What you are asked to do ::
Reproduce exactly, leaving out pictures, each line from the one holding "トートバッグ ミニトート リボン サブトートバッグ キャンバス ランチバッグ 黒" through the final line of the listing, and add nothing.

Given information ::

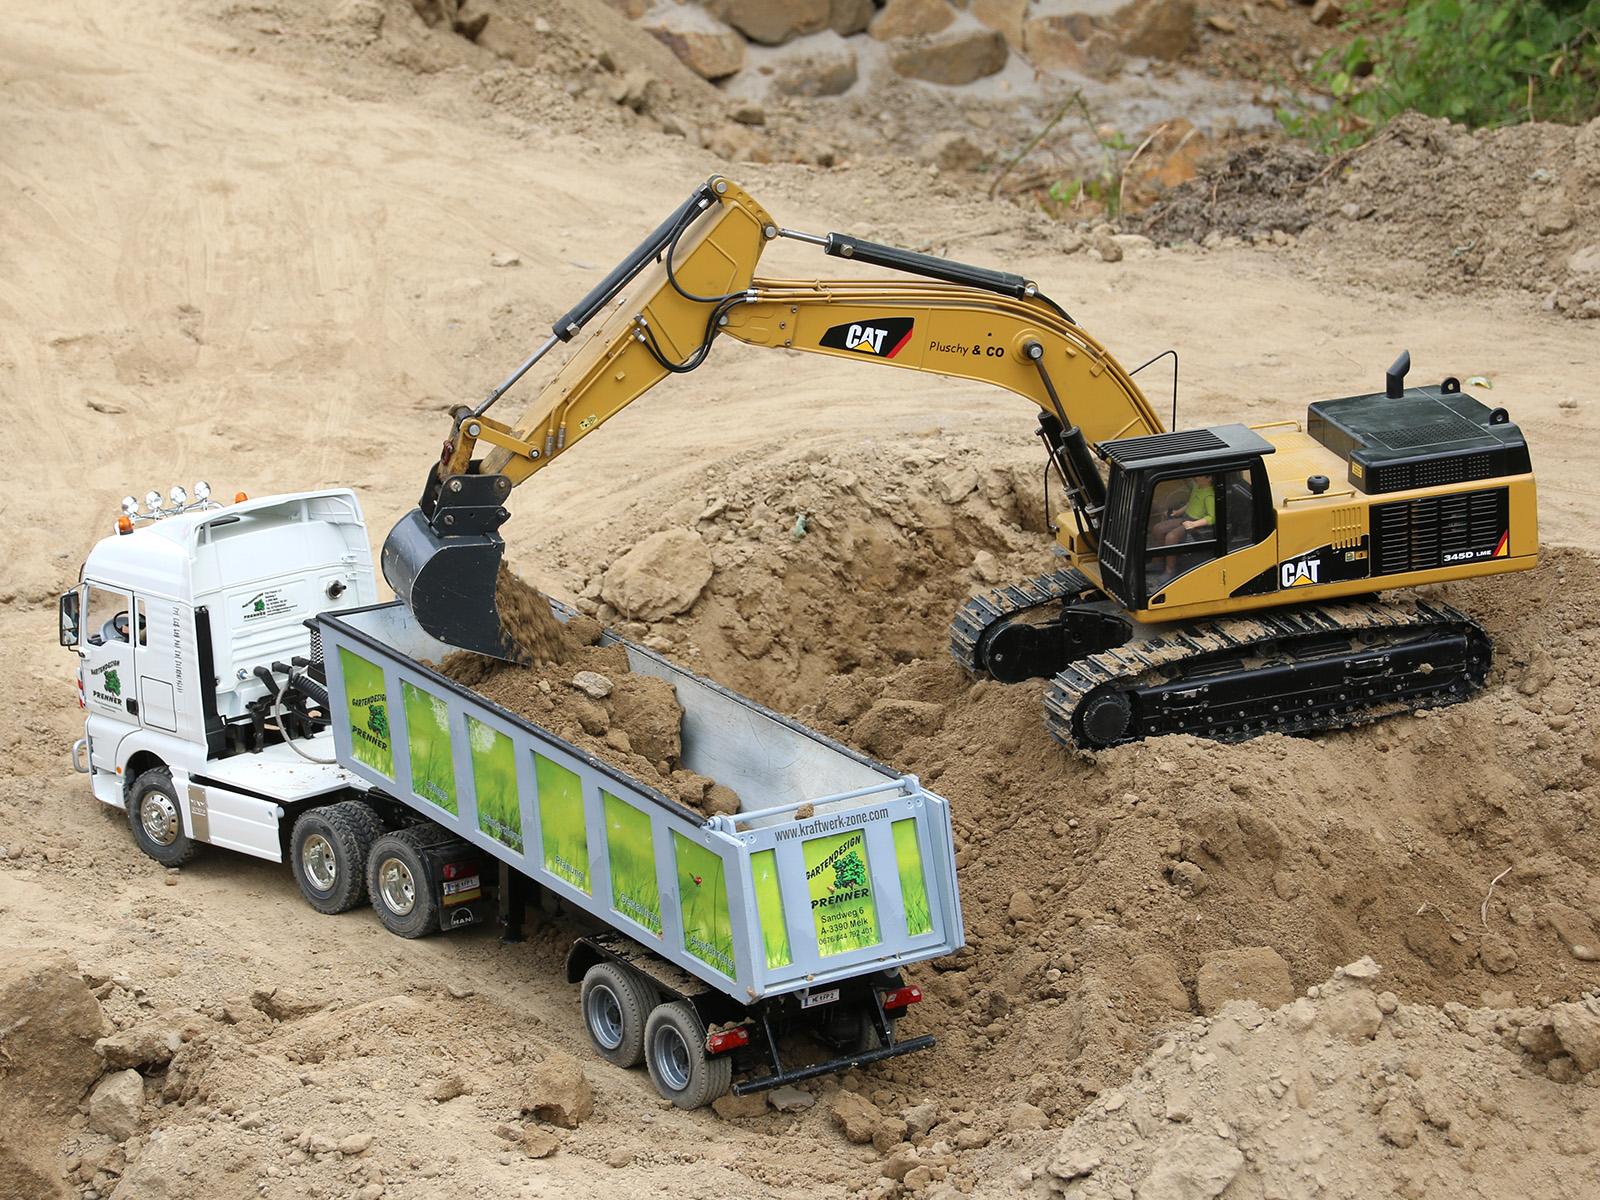 Die Modell-Baustelle © Doppeladler.com
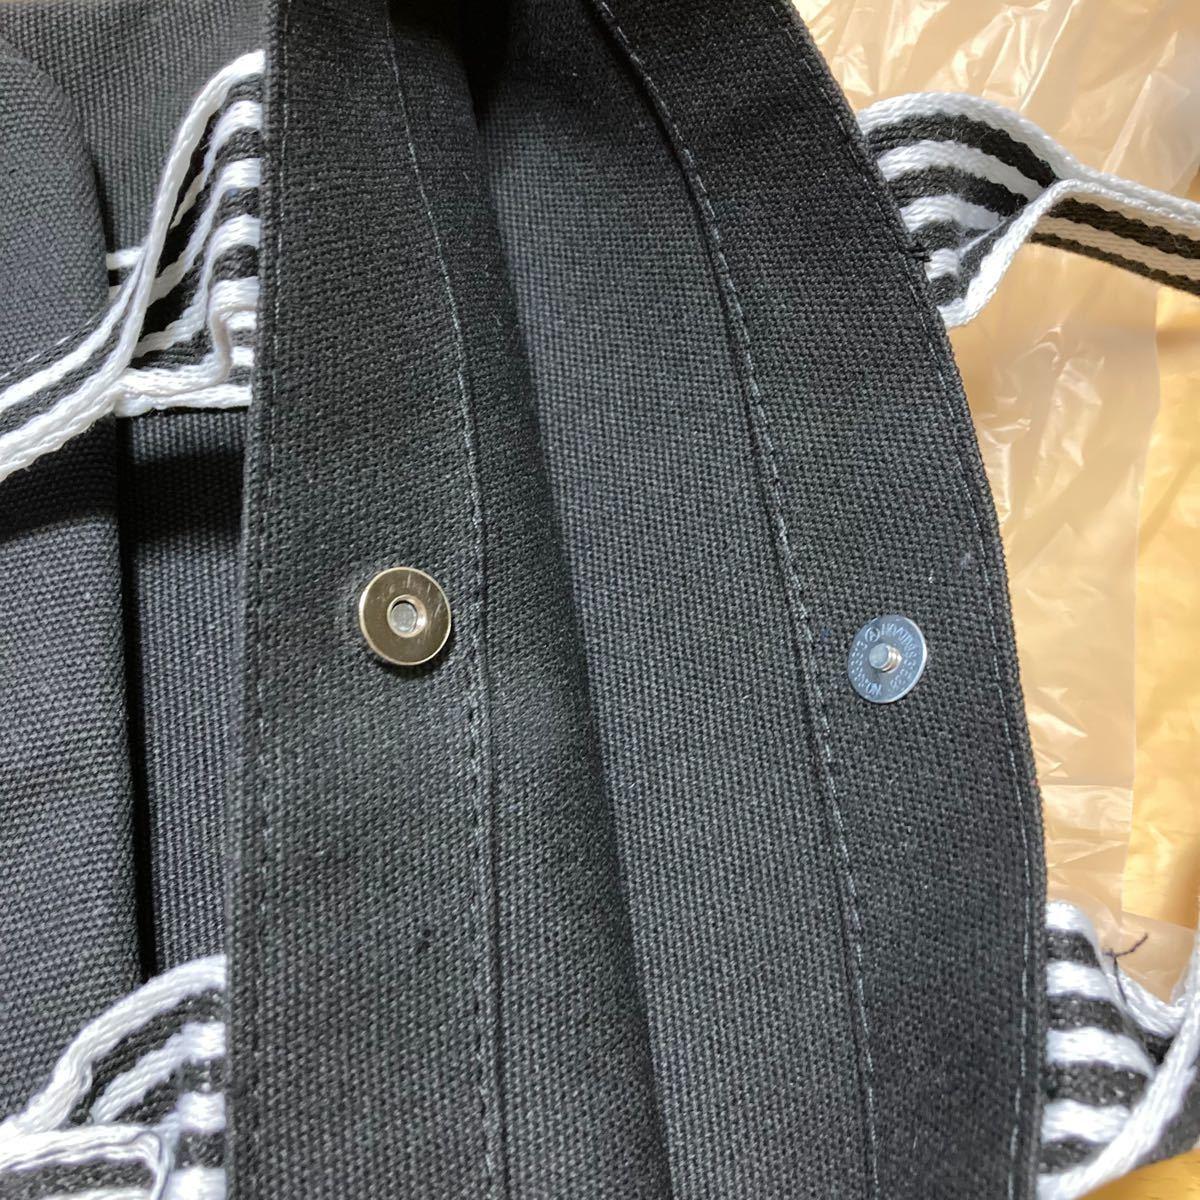 トートバッグ ミニトート リボン サブトートバッグ キャンバス ランチバッグ 黒
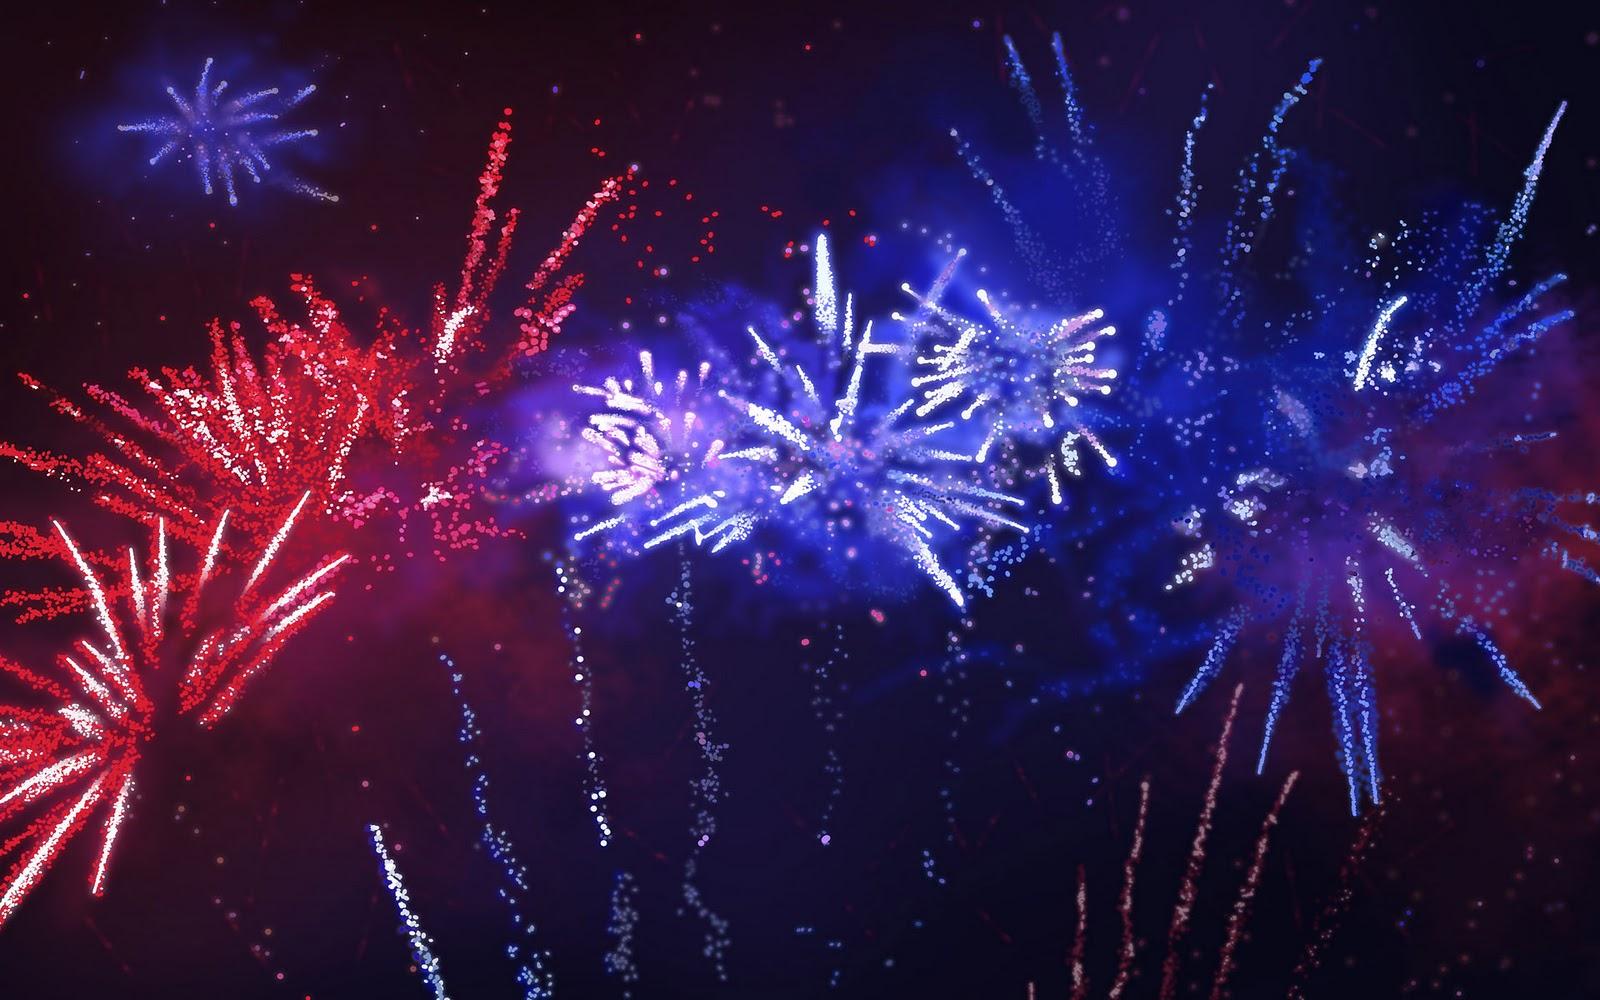 Wallpaper vol vuurwerk foto met vuurwerk roze en blauwe lichten

Answer space ::
 トートバッグ ミニトート リボン サブトートバッグ キャンバス ランチバッグ 黒
 Wallpaper vol vuurwerk foto met vuurwerk roze en blauwe lichten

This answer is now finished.